Message par Cyril Drouet » 25 juin 2019, 08:49

Royal Scot's Guard a écrit :
25 juin 2019, 08:30
Sait-on qui oeuvrait dans cette cuisine durant la captivité ?
:salut:
Un point sur la question par Albertuk :
"- Le Page: piètre cuisinier, arrivé en 1816 avec Napoléon

- Jeannette, une Belge (de vrai nom Catherine Sablon), qui fut envoyée en juin 1816 des cuisines de Hudson Lowe pour remplacer Lepage malade; Longwood apprécia sa cuisine et la garda comme assistante de Lepage; les deux cuisiniers se marièrent en fin 1816, eurent une fille en septembre 1817, et quittèrent tous trois Longwood le 28 mai 1818.
Lepage serait mort une année après son retour de Sainte-Hélène.

- des Chinois qui remplacèrent Lepage et Jeannette pour environ 2 mois.

- La Roche, un Anglais, fils de Français, qui faisait partie de la mission Amherst (arrivée en fin juin 1817); il entra au service de Longwood en juillet 1818, était piètre cuisiner lui aussi, et il quitta Longwood en mars 1819 à cause des fumées de ses poêles qui l'indisposaient.

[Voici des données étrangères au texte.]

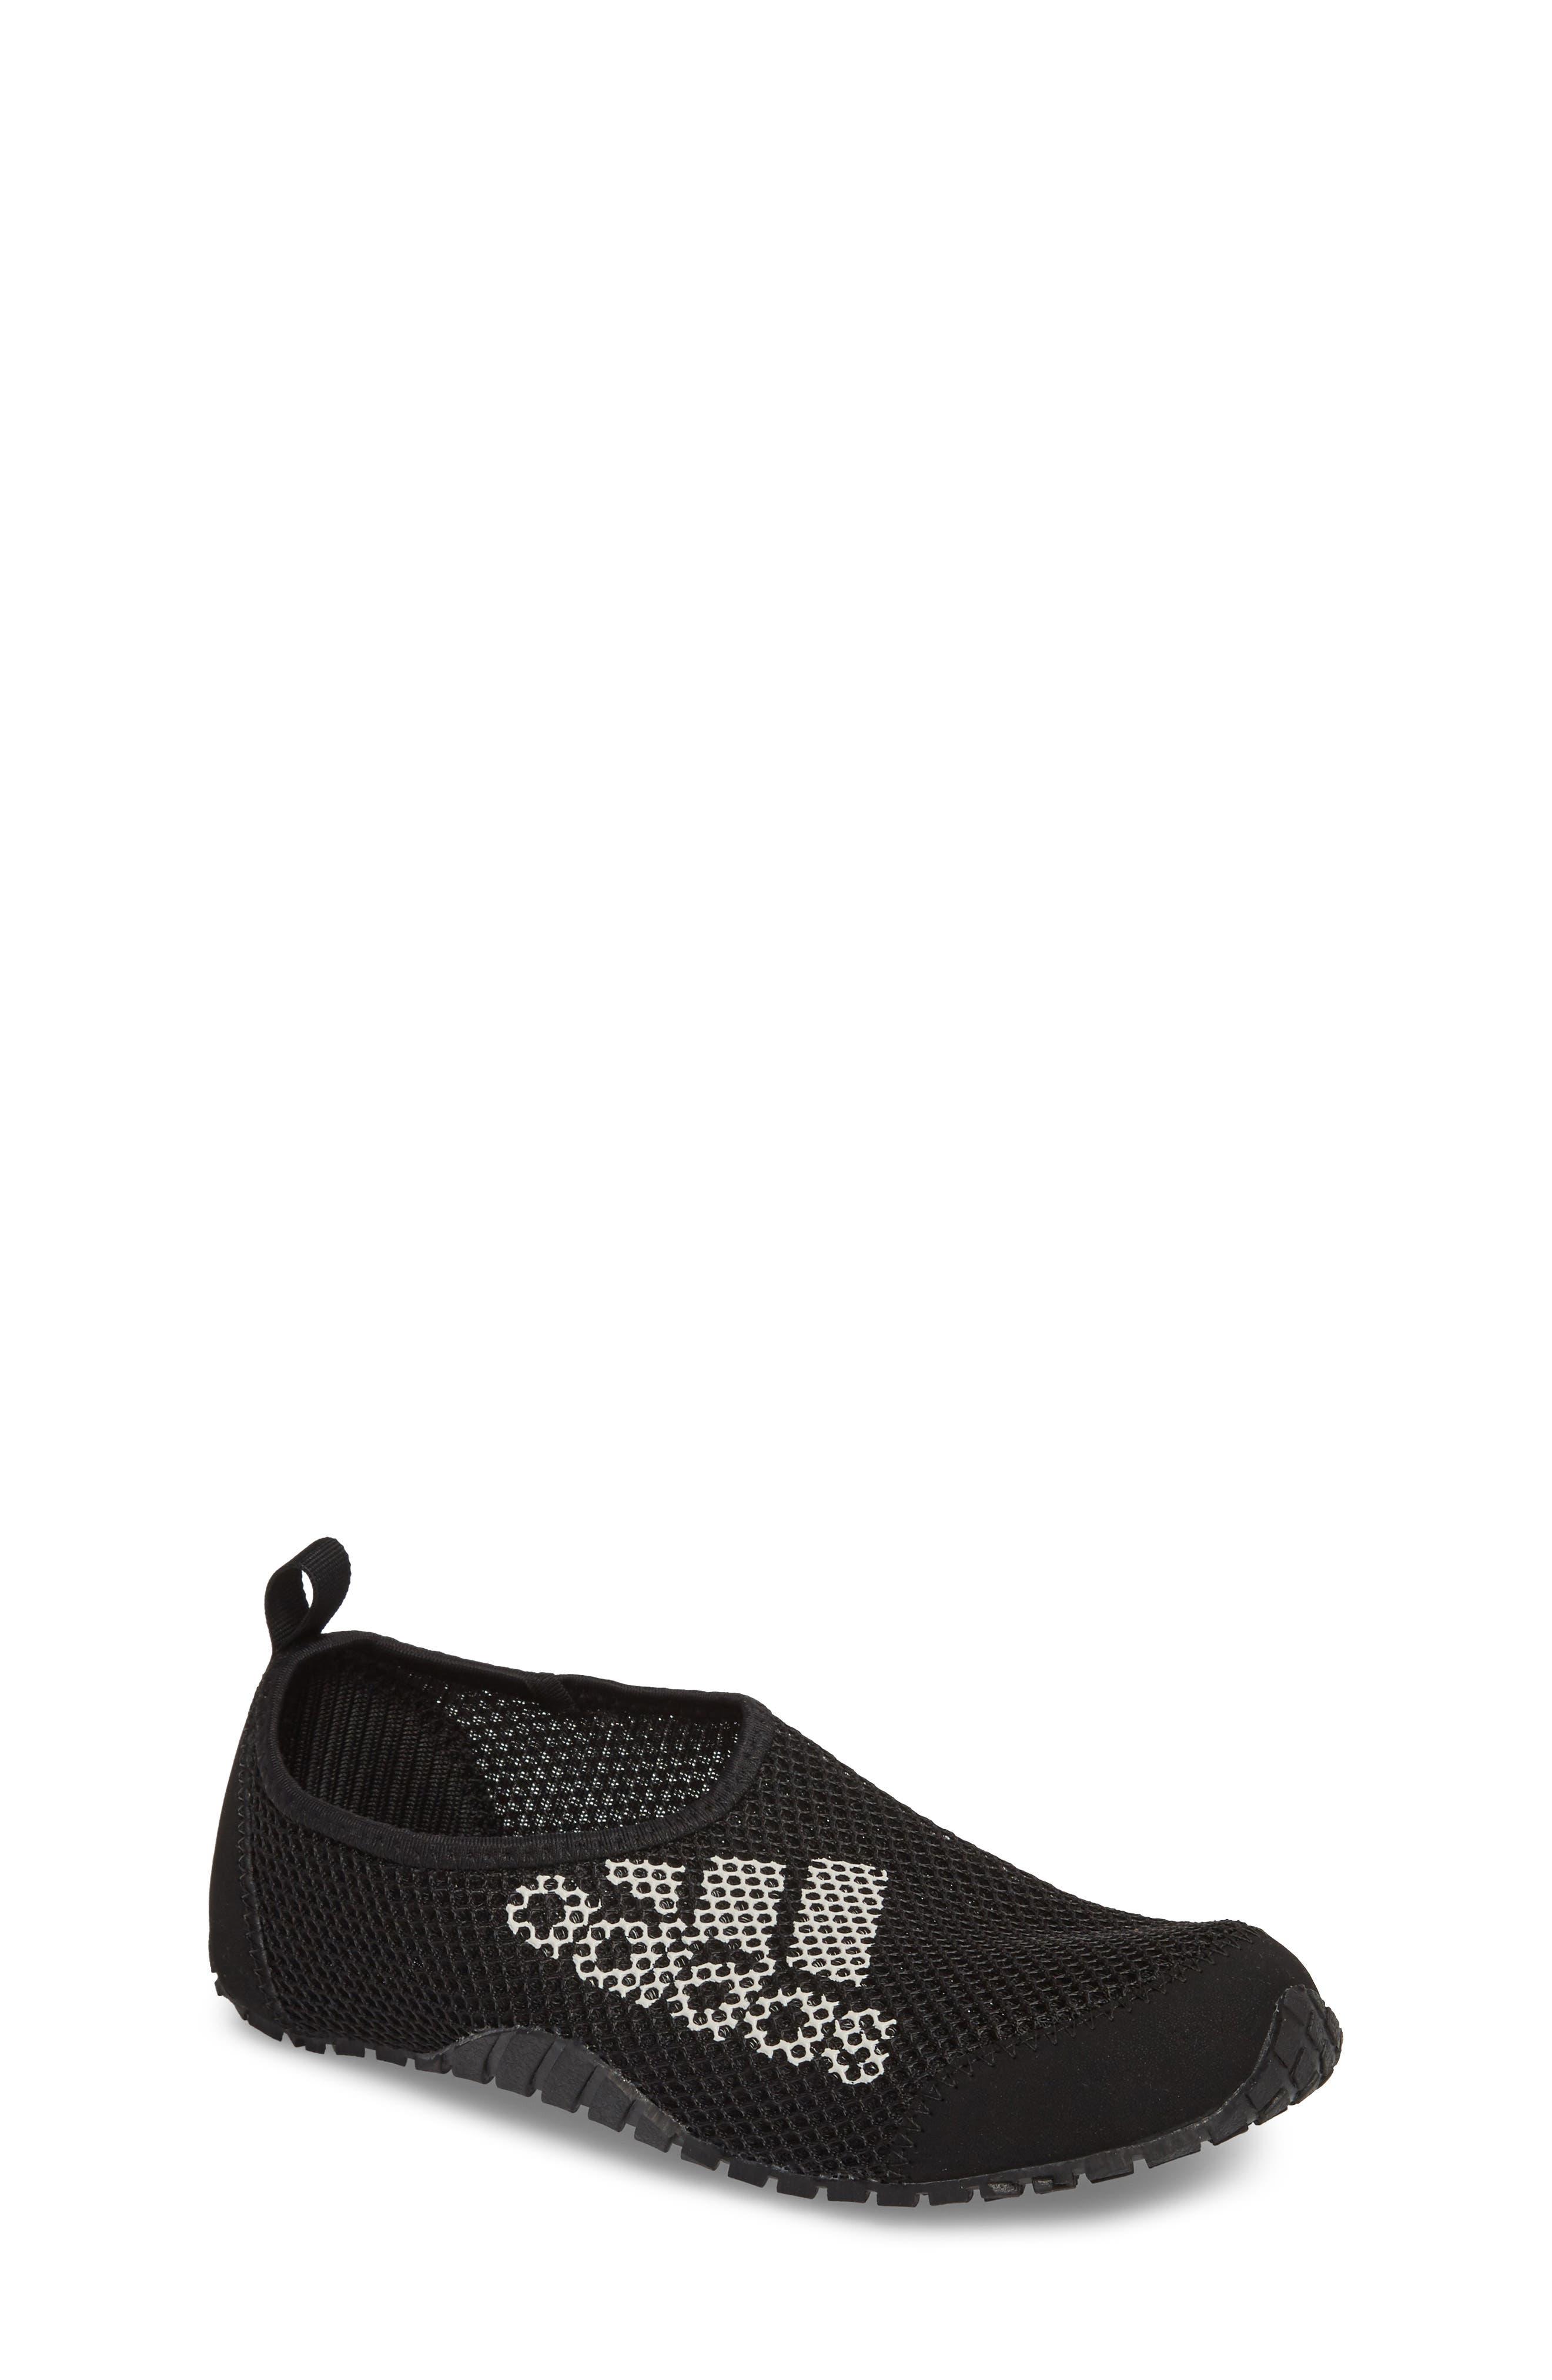 Kurobe Mesh Slip-On Water Shoe,                             Main thumbnail 1, color,                             BLACK/ BLACK GREY ONE

- des Chinois à nouveau, jusqu'à l'arrivée de Chandellier 6-7 mois plus tard.

- Chandellier, envoyé par Pauline avec les prêtres de Fesch et Antommarchi. Arrivé à Longwood en septembre 1819, ce cuisinier tomba aussi gravement malade en mars 1820. Jacques Chandelier est né à Melun en 1798, arrive à Sainte-Hélène le 20 septembre 1819.
Comme il avait rencontré Laroche qui lui avait parlé des difficultés qu'il rencontrerait sur place, Chandelier avait apporté du matériel et il parvint à améliorer les conditions de son travail. Il essaie aussi de préparer des aliments qui pourraient plaire - cela a été agréable le temps de la nouveauté mais ensuite cela déplut.
De plus, malgré qu'il fût jeune et qu'il parût en bonne santé, il fut atteint presque tout de suite par le climat: moins de sept mois après son arrivée, il était à réformer (avril 1820). (p279)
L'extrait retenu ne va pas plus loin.